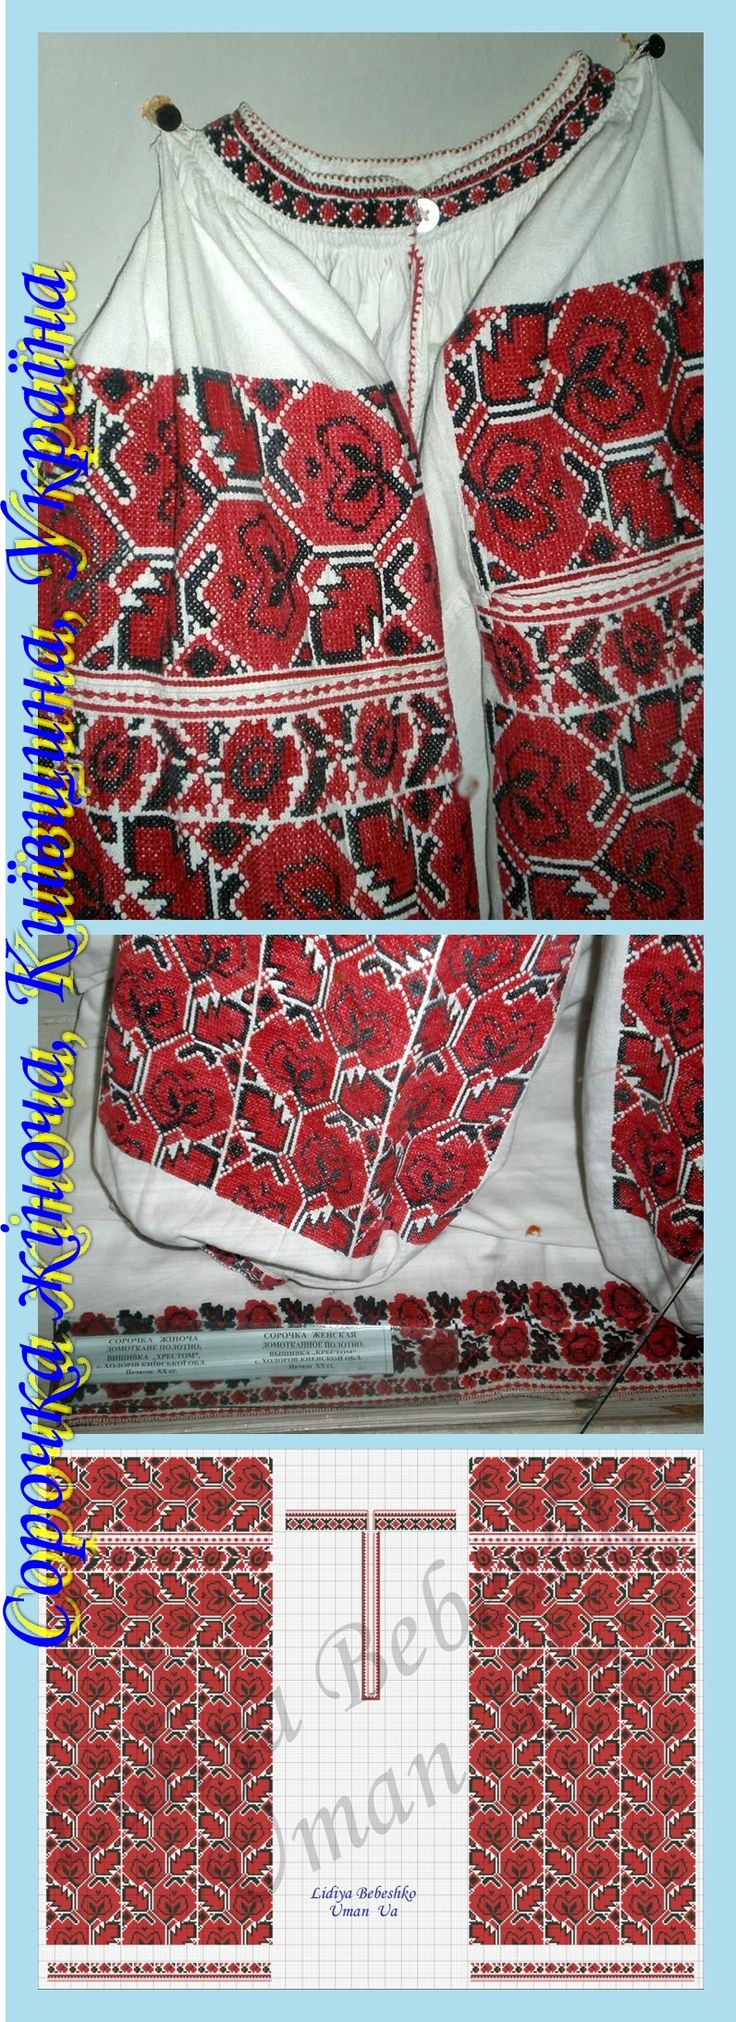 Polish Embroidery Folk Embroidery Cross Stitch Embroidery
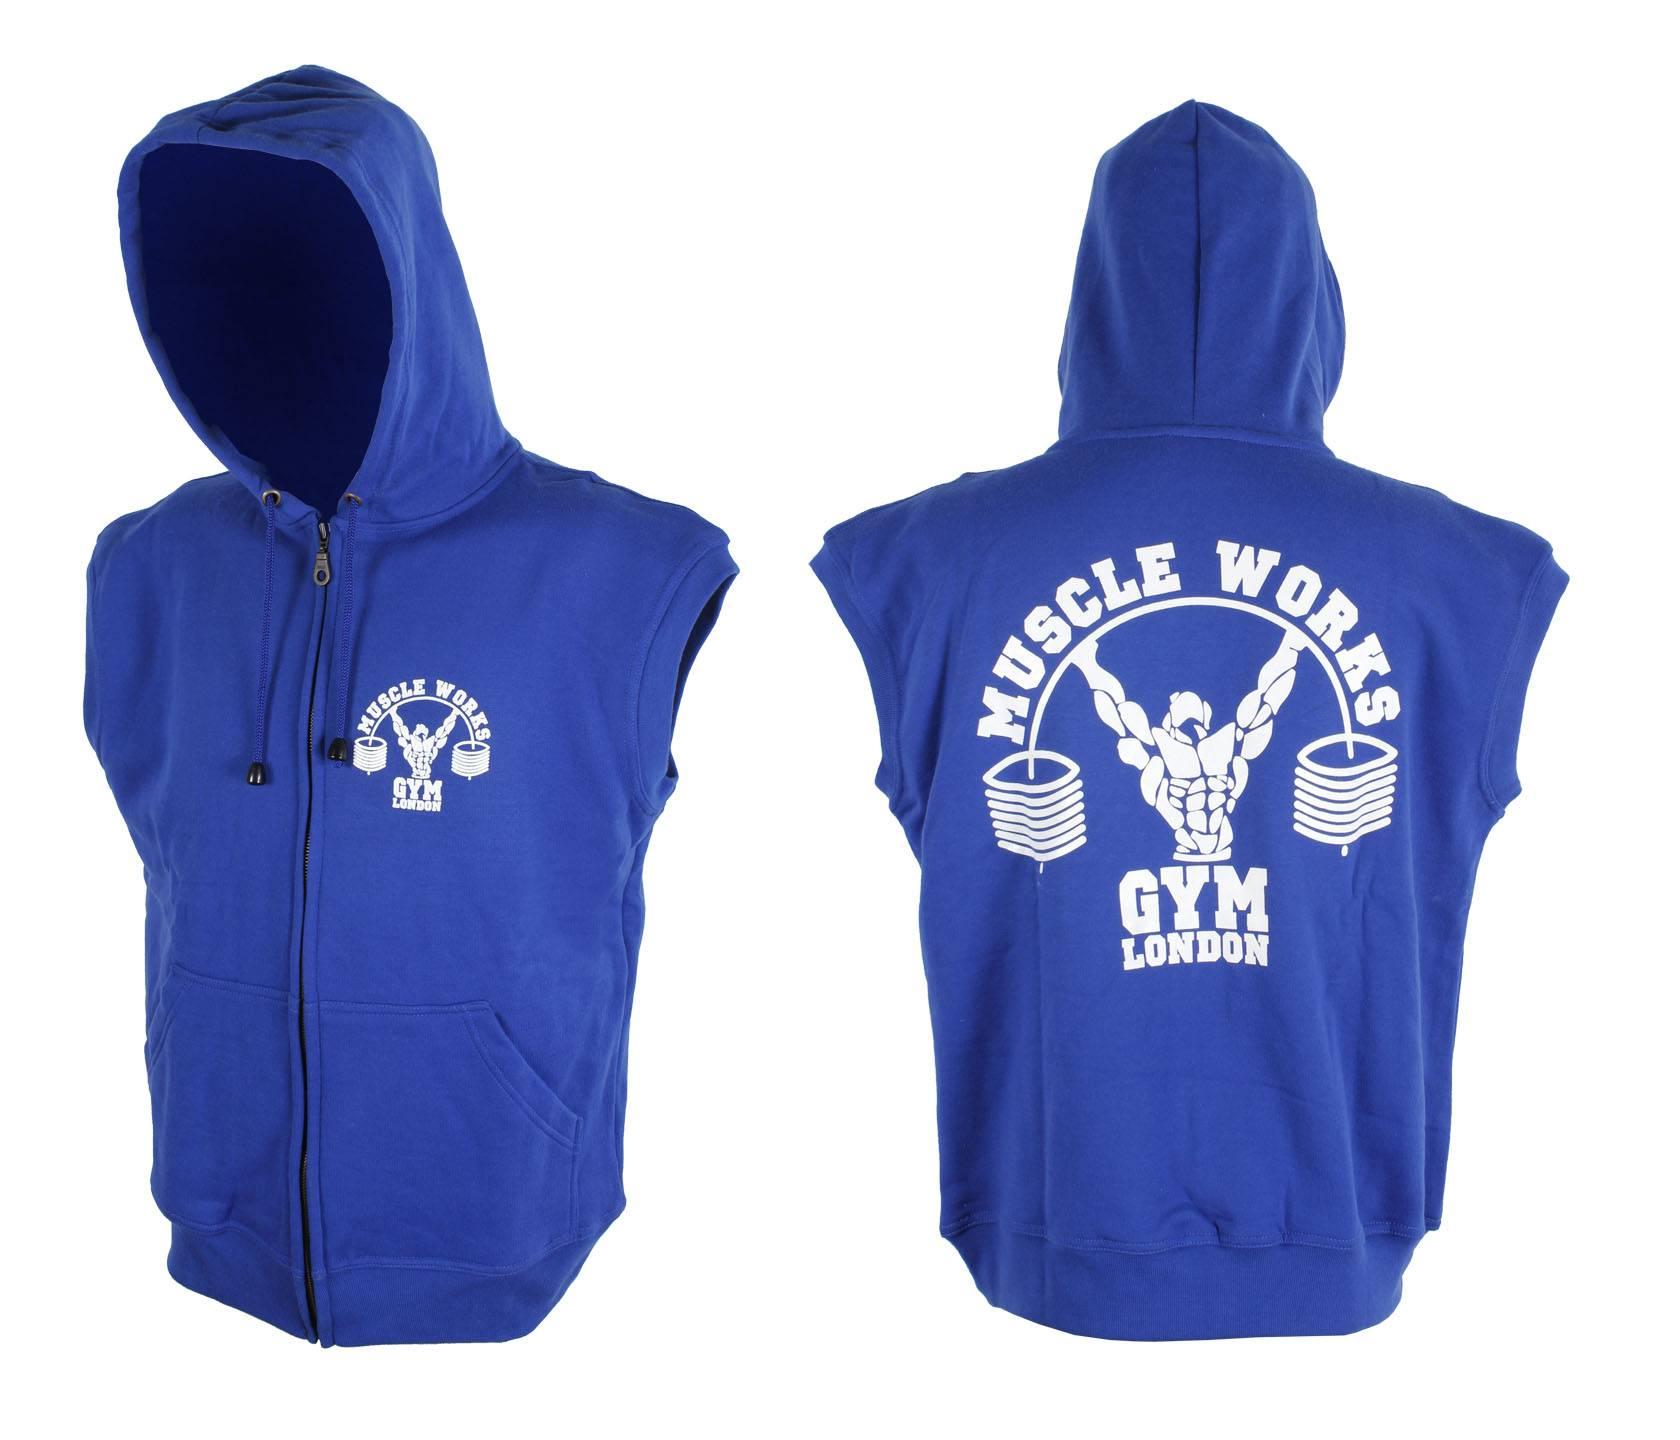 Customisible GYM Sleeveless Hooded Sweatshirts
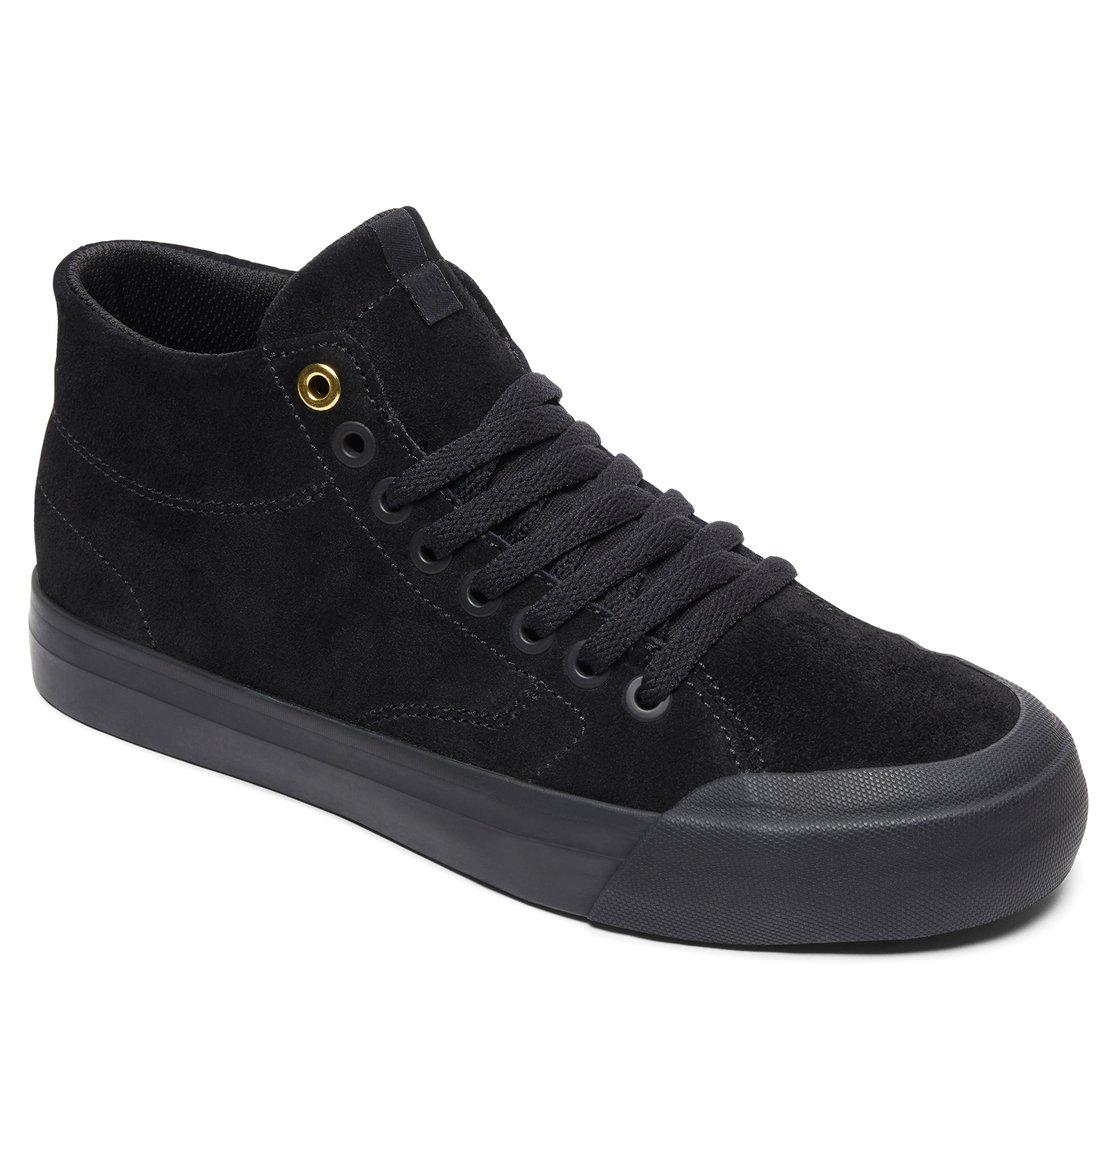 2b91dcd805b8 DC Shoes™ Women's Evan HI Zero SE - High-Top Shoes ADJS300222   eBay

**WHAT THE TASK ASKS:** Output all data exactly, omitting images.

**YOUR SOLUTION:**
 Polish Embroidery Folk Embroidery Cross Stitch Embroidery
 Customisible GYM Sleeveless Hooded Sweatshirts
 2b91dcd805b8 DC Shoes™ Women's Evan HI Zero SE - High-Top Shoes ADJS300222   eBay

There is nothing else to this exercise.